Now without READ_ONLY_THP_FOR_FS:

                           |    PF     | MADV_COLLAPSE | khugepaged |
                           |-----------|---------------|------------|
 large folio FSes          |     ✓     |       ✓       |      ✓     |
 no large folio FSes       |     x     |       x       |      x     |

This means no large folio FSes need to add large folio support (the
supported orders need to include PMD_ORDER), so that they can leverage
read-only THP creation function.

To prevent breaking read-only THP support for large folio FSes,
1. first 4 patches enables the support, so that without READ_ONLY_THP_FOR_FS,
   read-only THP still works for large folio FSes,
2. Patch 5 removes READ_ONLY_THP_FOR_FS Kconfig,
3. the rest of patches remove code related to READ_ONLY_THP_FOR_FS.

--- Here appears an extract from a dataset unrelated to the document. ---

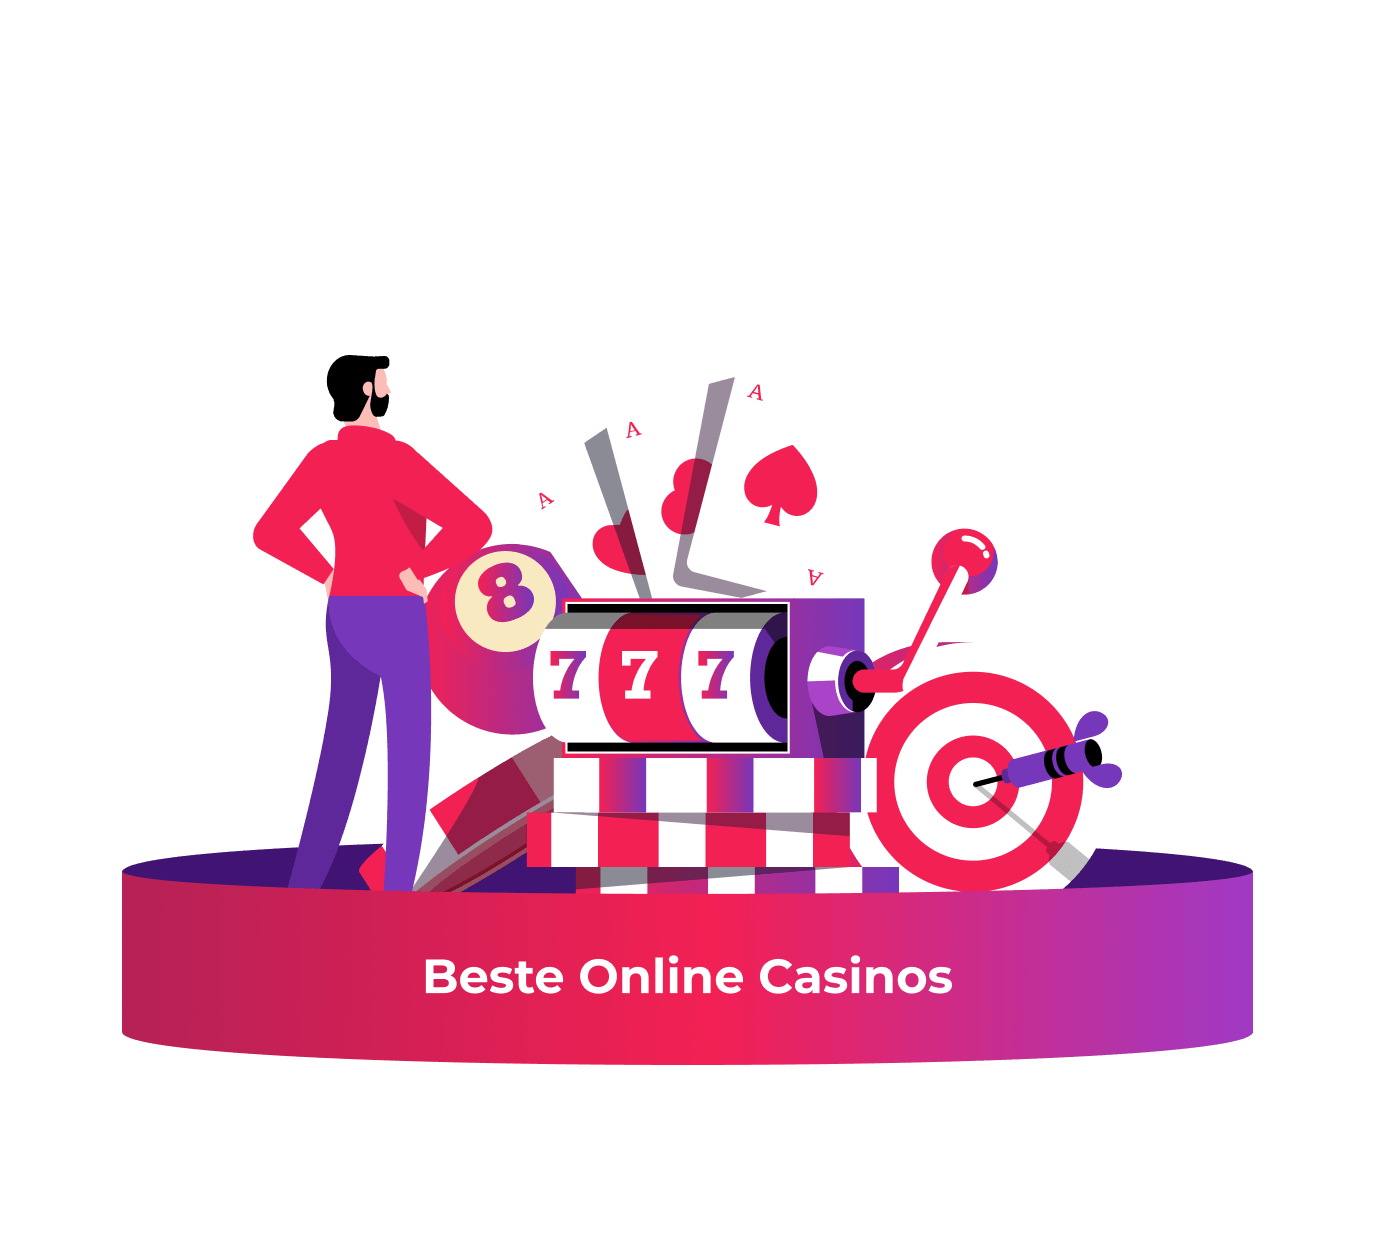 Casinos Online: Der Samurai-Weg
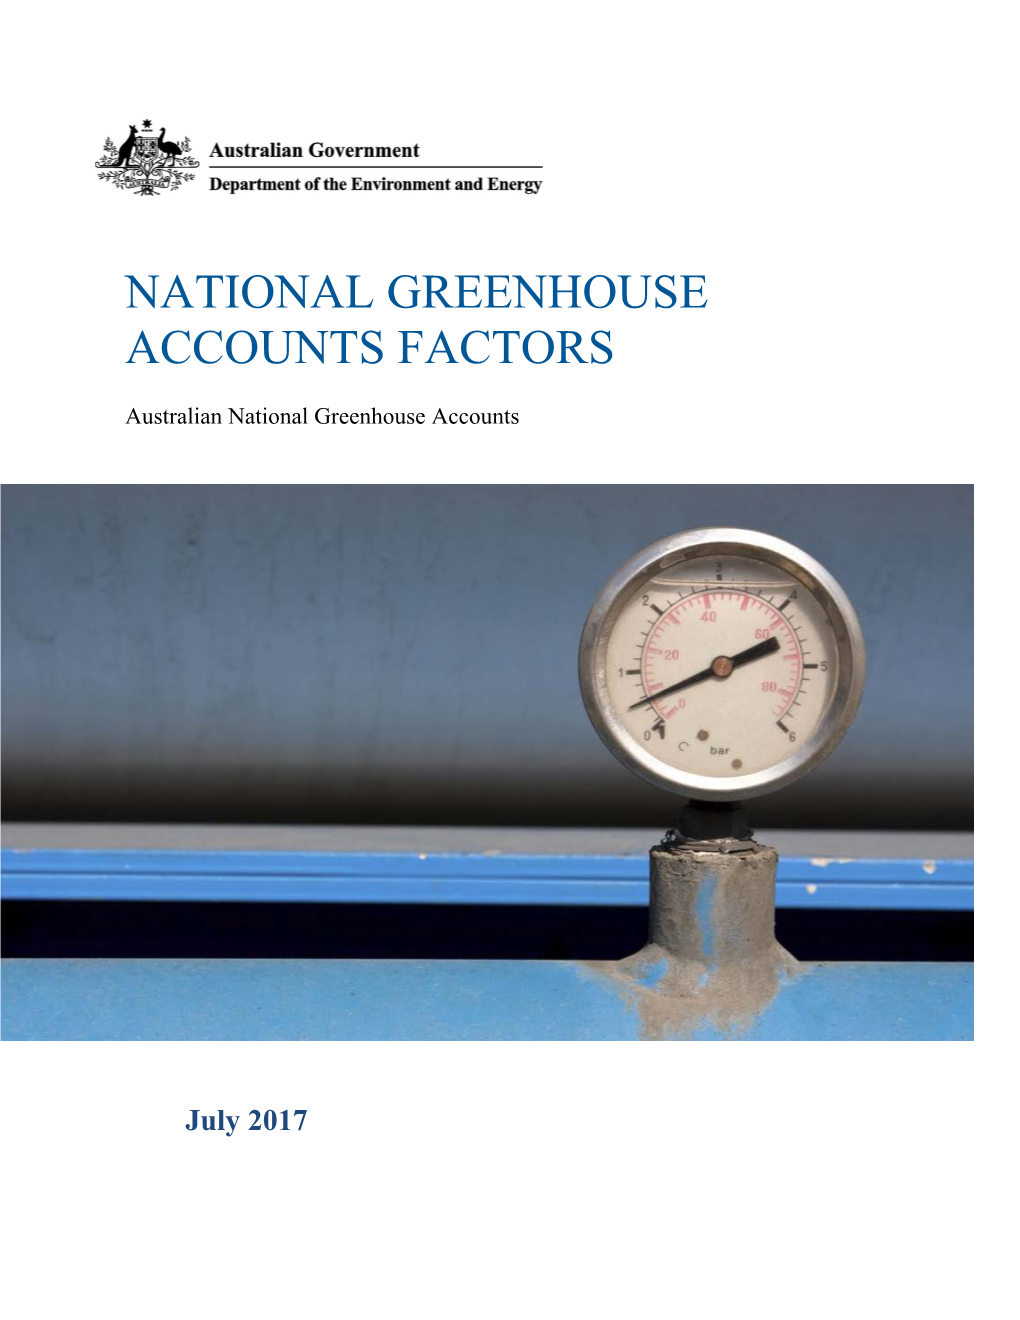 National Greenhouse Accounts Factors July 2017

The overview of the changes is:

1. collapse_file() checks for to-be-collapsed folio dirtiness after they
   are locked, unmapped to make sure no new write happens. Before,
   mapping->nr_thps and inode->i_writecount are used to cause read-only
   THP truncation before a fd becomes writable.

2. hugepage_pmd_enabled() is true for anon, shmem, and file-backed cases
   if the global khugepaged control is on, otherwise, khugepaged for
   file-backed case is turned off and anon and shmem depend on per-size
   control knobs.

3. collapse_file() from mm/khugepaged.c, instead of checking
   CONFIG_READ_ONLY_THP_FOR_FS, makes sure the mapping_max_folio_order()
   of struct address_space of the file is at least PMD_ORDER.

4. file_thp_enabled() also checks mapping_max_folio_order() instead and
   no longer checks if the input file is opened as read-only (Change 1
   handles read-write files).

5. truncate_inode_partial_folio() calls folio_split() directly instead
   of the removed try_folio_split_to_order(), since large folios can
   only show up on a FS with large folio support.

6. nr_thps is removed from struct address_space, since it is no longer
   needed to drop all read-only THPs from a FS without large folio
   support when the fd becomes writable. Its related filemap_nr_thps*()
   are removed too.

7. folio_check_splittable() no longer checks READ_ONLY_THP_FOR_FS.

8. Updated comments in various places.


Changelog
===
From V2[3]:
1. removed unnecessary check in collapse_scan_file().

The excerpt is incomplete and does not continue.